The answer must restate the listing word for word, without its images.
*** Opening INFORMATION PROVIDED ***
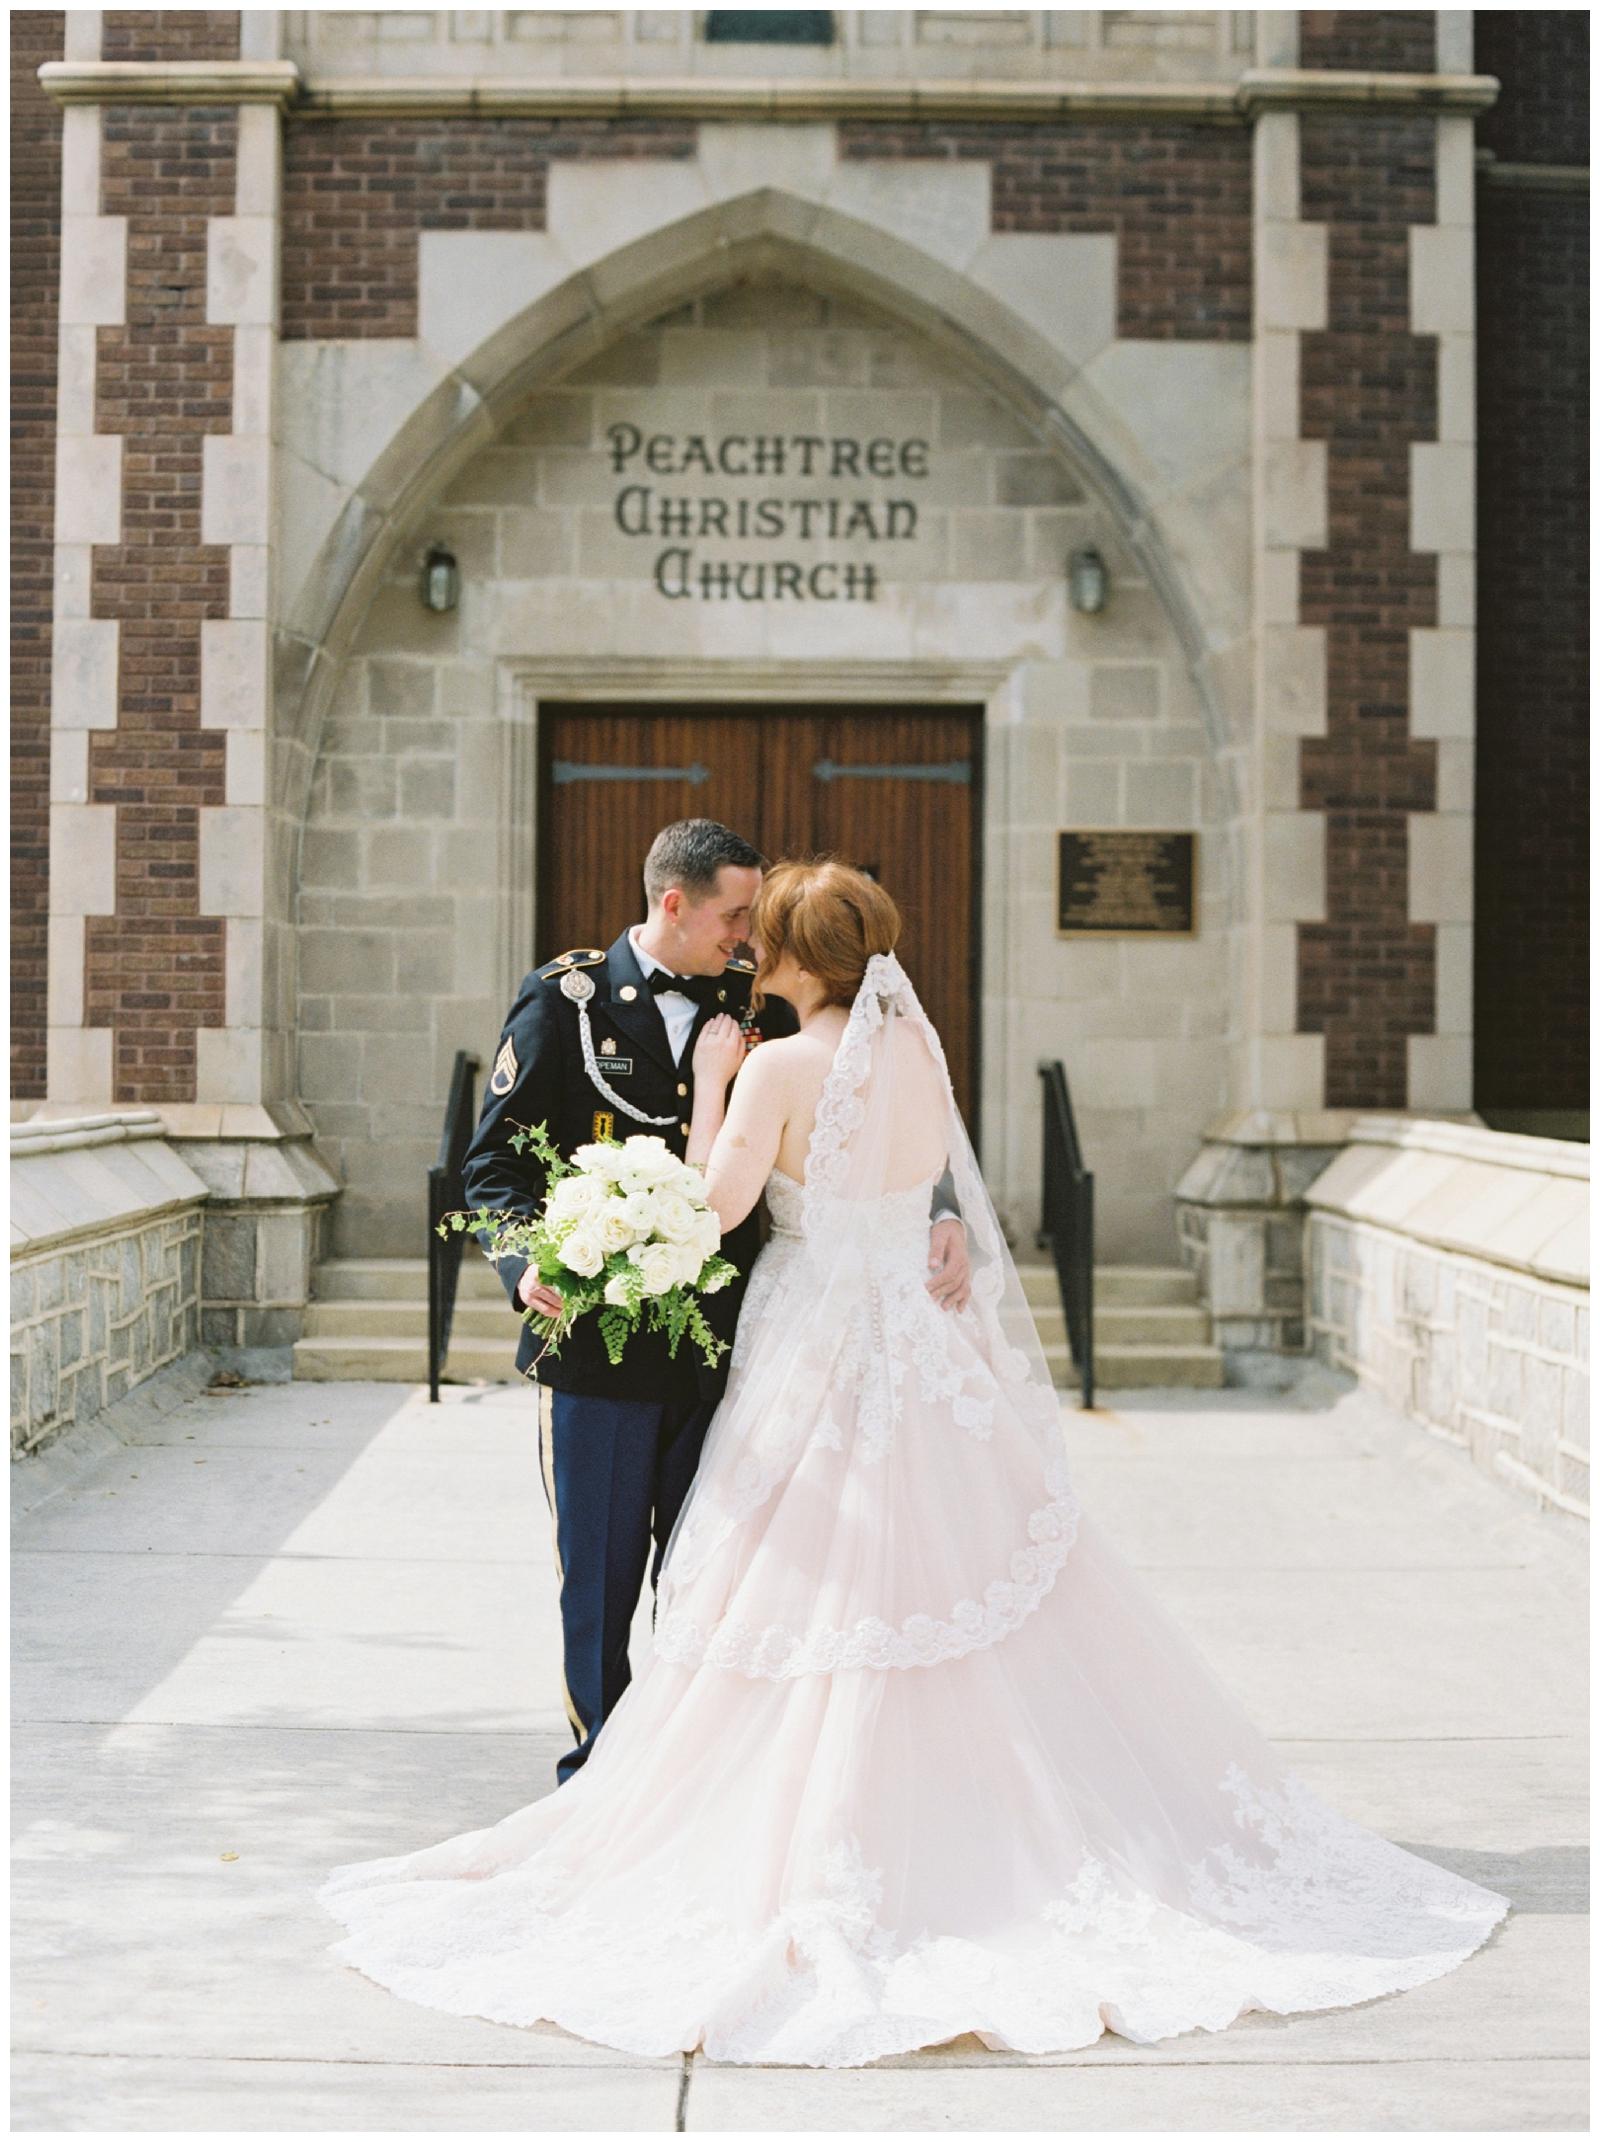 Zola-Austin-Atlanta-Peachtree-Christian-Church-Chastain-Horse-Park-Wedding-0030.jpg
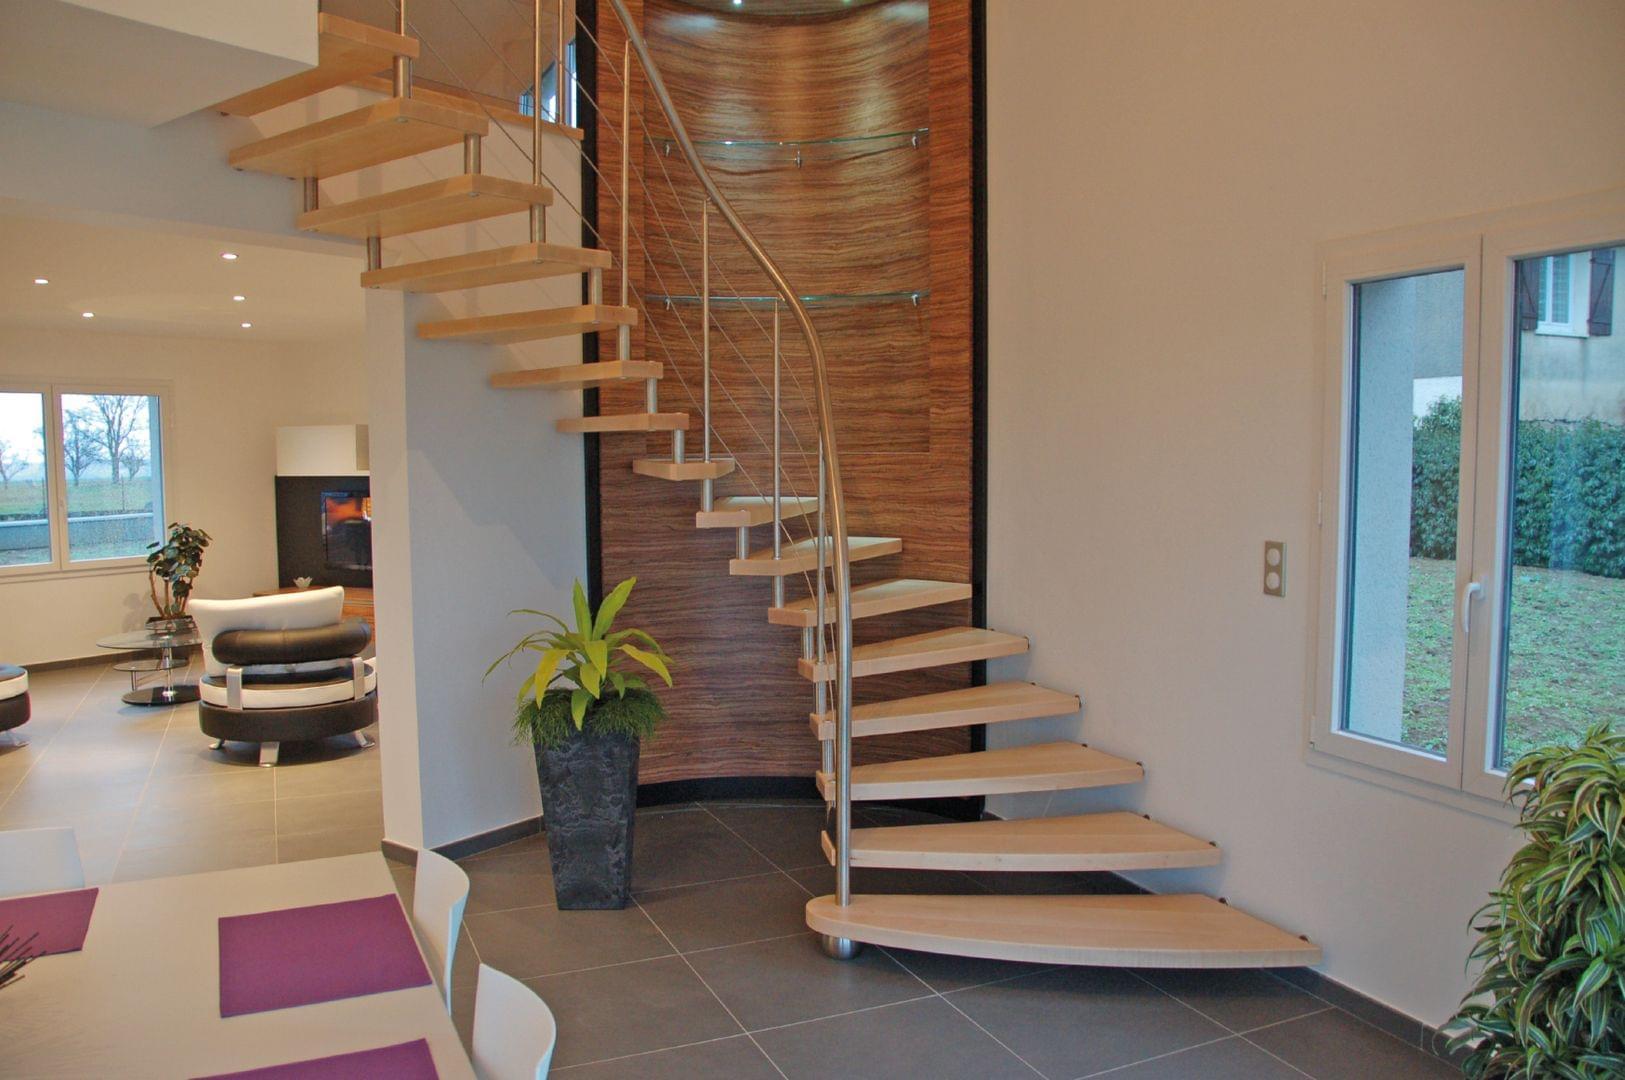 Escalier moderne modèle Epura de Treppenmeister TREPPENMEISTER
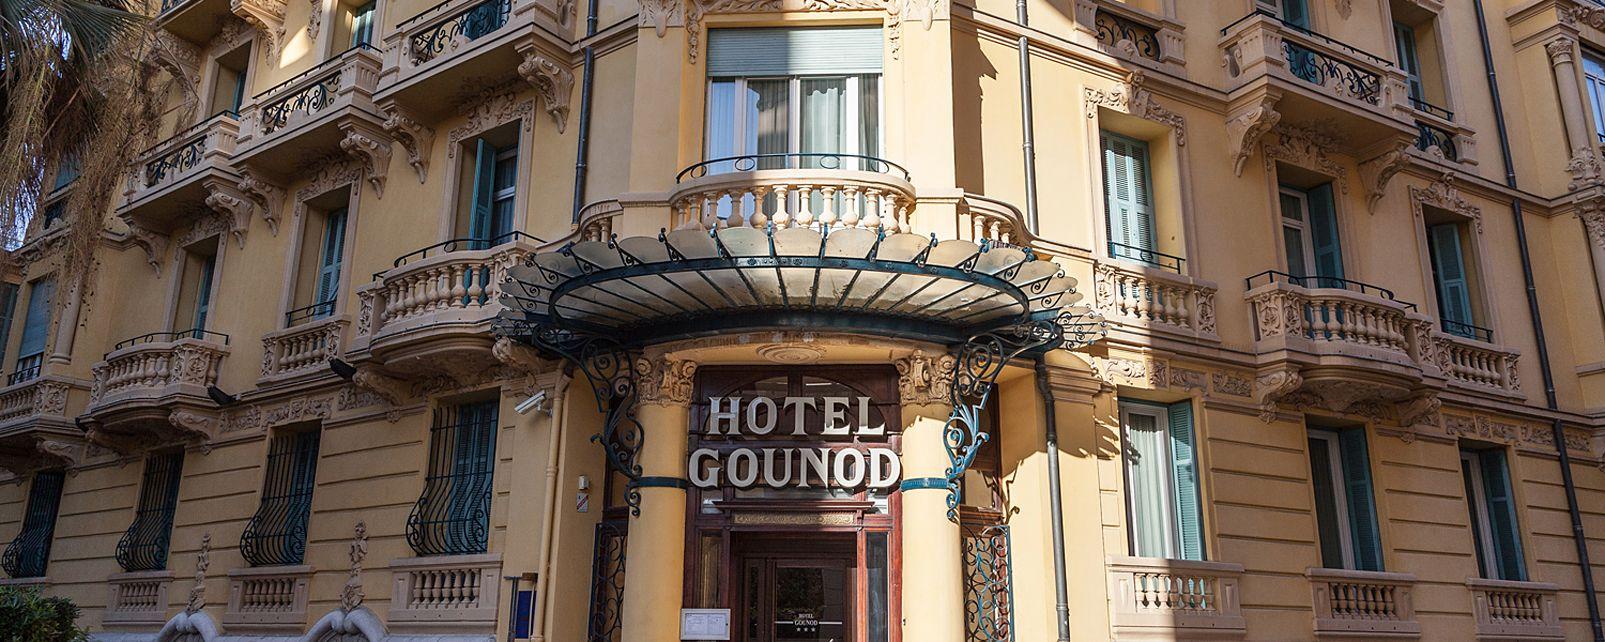 Hotel Gounod Hotel Nice
*** Closing INFORMATION PROVIDED ***
## ANSWER BOX
 Zola-Austin-Atlanta-Peachtree-Christian-Church-Chastain-Horse-Park-Wedding-0030.jpg
 Escalier moderne modèle Epura de Treppenmeister TREPPENMEISTER
 Hotel Gounod Hotel Nice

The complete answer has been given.